15.6. Process Management in MySQL Cluster

Understanding how to manage MySQL Cluster requires a knowledge of four essential processes. In the next few sections of this chapter, we cover the roles played by these processes in a cluster, how to use them, and what startup options are available for each of them:

15.6.1. MySQL Server Process Usage for MySQL Cluster

mysqld is the traditional MySQL server process. To be used with MySQL Cluster, mysqld needs to be built with support for the NDB Cluster storage engine, as it is in the precompiled -max binaries available from http://dev.mysql.com/downloads/. If you build MySQL from source, you must invoke configure with the --with-ndbcluster option to enable NDB Cluster storage engine support.

If the mysqld binary has been built with Cluster support, the NDB Cluster storage engine is still disabled by default. You can use either of two possible options to enable this engine:

  • Use --ndbcluster as a startup option on the command line when starting mysqld.

  • Insert a line containing ndbcluster in the [mysqld] section of your my.cnf file.

An easy way to verify that your server is running with the NDB Cluster storage engine enabled is to issue the SHOW ENGINES statement in the MySQL Monitor (mysql). You should see the value YES as the Support value in the row for NDBCLUSTER. If you see NO in this row or if there is no such row displayed in the output, you are not running an NDB-enabled version of MySQL. If you see DISABLED in this row, you need to enable it in either one of the two ways just described.

To read cluster configuration data, the MySQL server requires at a minimum three pieces of information:

  • The MySQL server's own cluster node ID

  • The hostname or IP address for the management server (MGM node)

  • The number of the TCP/IP port on which it can connect to the management server

Node IDs can be allocated dynamically, so it is not strictly necessary to specify them explicitly.

The mysqld parameter ndb-connectstring is used to specify the connectstring either on the command line when starting mysqld or in my.cnf. The connectstring contains the hostname or IP address where the management server can be found, as well as the TCP/IP port it uses.

In the following example, ndb_mgmd.mysql.com is the host where the management server resides, and the management server listens for cluster messages on port 1186:

shell> mysqld --ndb-connectstring=ndb_mgmd.mysql.com:1186

See Section 15.4.4.2, “The MySQL Cluster connectstring, for more information on connectstrings.

Given this information, the MySQL server will be a full participant in the cluster. (We sometimes refer to a mysqld process running in this manner as an SQL node.) It will be fully aware of all cluster data nodes as well as their status, and will establish connections to all data nodes. In this case, it is able to use any data node as a transaction coordinator and to read and update node data.

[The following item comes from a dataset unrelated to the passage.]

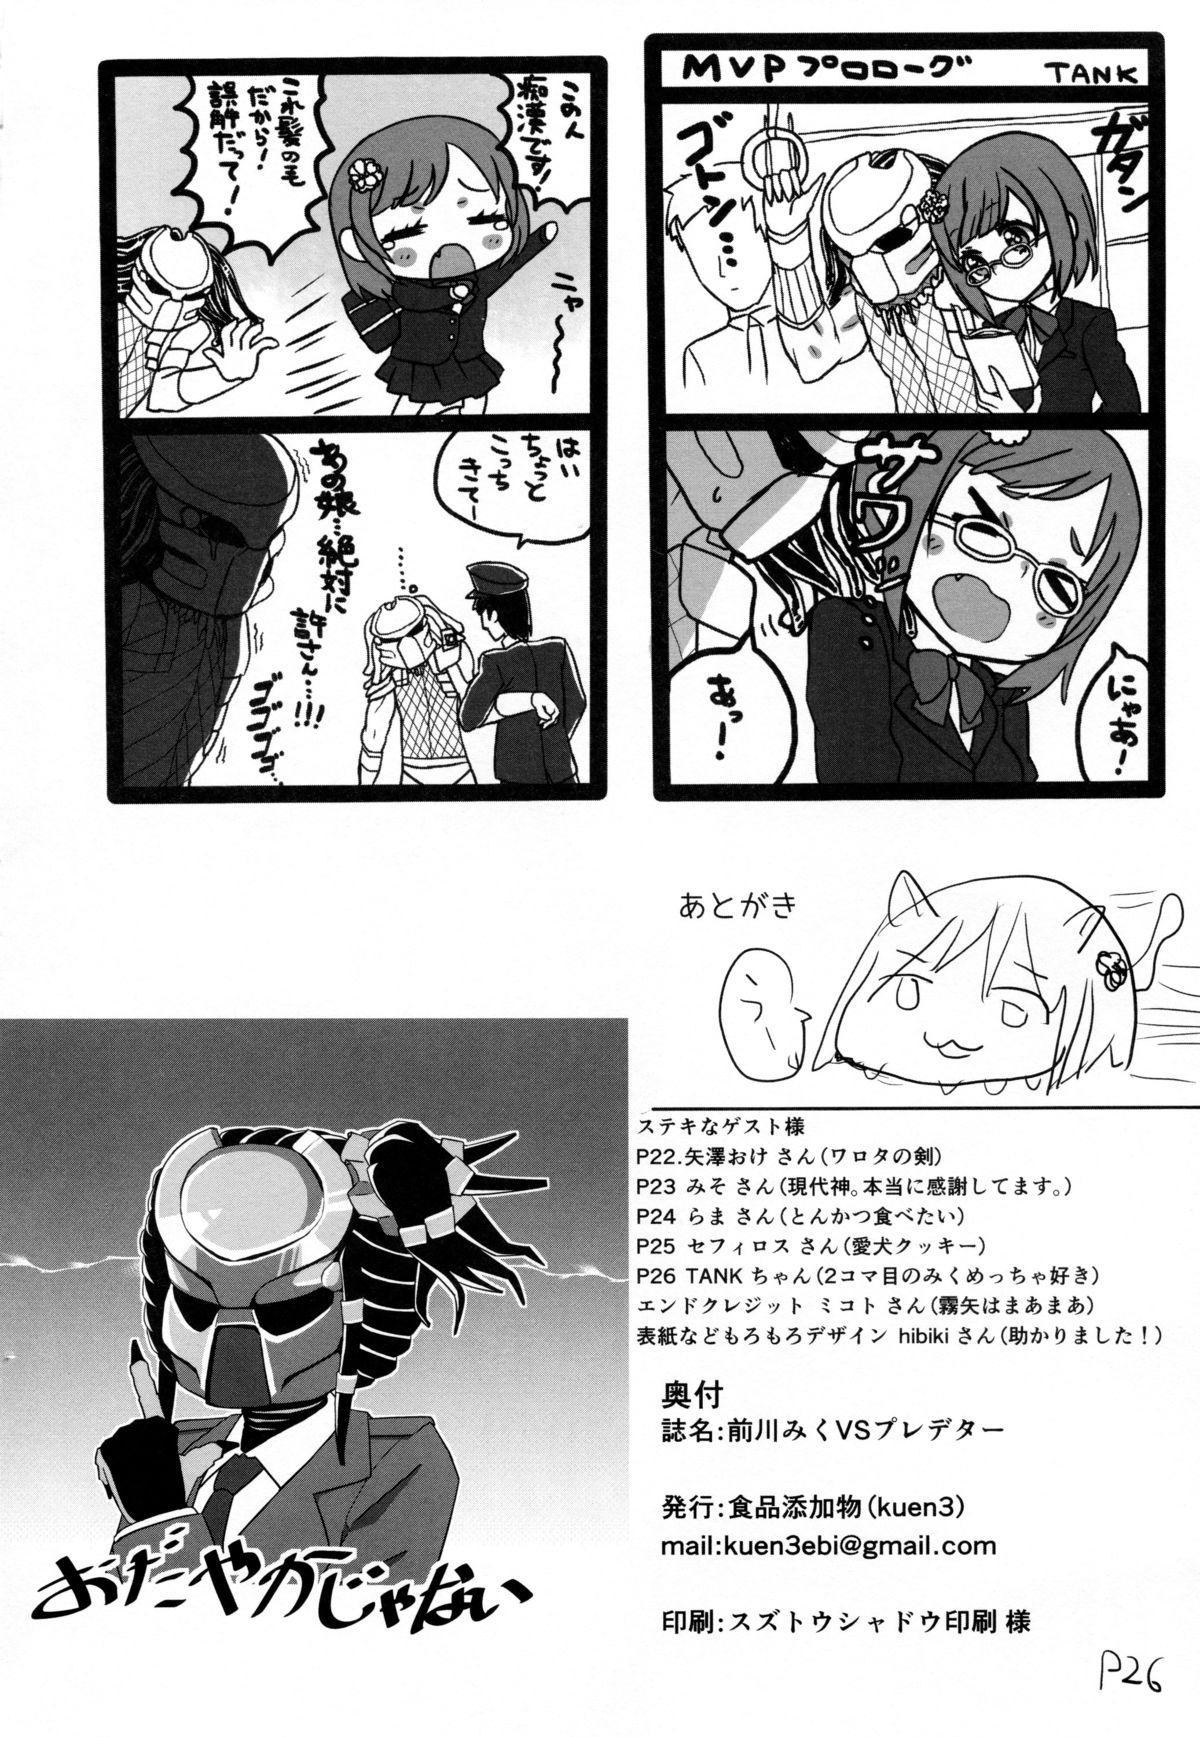 Maekawa Miku vs Predator 24

15.6.2. ndbd, the Storage Engine Node Process

ndbd is the process that is used to handle all the data in tables using the NDB Cluster storage engine. This is the process that empowers a data node to accomplish distributed transaction handling, node recovery, checkpointing to disk, online backup, and related tasks.

In a MySQL Cluster, a set of ndbd processes cooperate in handling data. These processes can execute on the same computer (host) or on different computers. The correspondences between data nodes and Cluster hosts is completely configurable.

ndbd generates a set of log files which are placed in the directory specified by DataDir in the config.ini configuration file. These log files are listed below. Note that node_id represents the node's unique identifier. For example, ndb_2_error.log is the error log generated by the data node whose node ID is 2.

  • ndb_node_id_error.log is a file containing records of all crashes which the referenced ndbd process has encountered. Each record in this file contains a brief error string and a reference to a trace file for this crash. A typical entry in this file might appear as shown here:

    Date/Time: Saturday 30 July 2004 - 00:20:01
    Type of error: error
    Message: Internal program error (failed ndbrequire)
    Fault ID: 2341
    Problem data: DbtupFixAlloc.cpp
    Object of reference: DBTUP (Line: 173)
    ProgramName: NDB Kernel
    ProcessID: 14909
    TraceFile: ndb_2_trace.log.2
    ***EOM***
    

    Note: It is very important to be aware that the last entry in the error log file is not necessarily the newest one (nor is it likely to be). Entries in the error log are not listed in chronological order; rather, they correspond to the order of the trace files as determined in the ndb_node_id_trace.log.next file (see below). Error log entries are thus overwritten in a cyclical and not sequential fashion.

  • ndb_node_id_trace.log.trace_id is a trace file describing exactly what happened just before the error occurred. This information is useful for analysis by the MySQL Cluster development team.

    It is possible to configure the number of these trace files that will be created before old files are overwritten. trace_id is a number which is incremented for each successive trace file.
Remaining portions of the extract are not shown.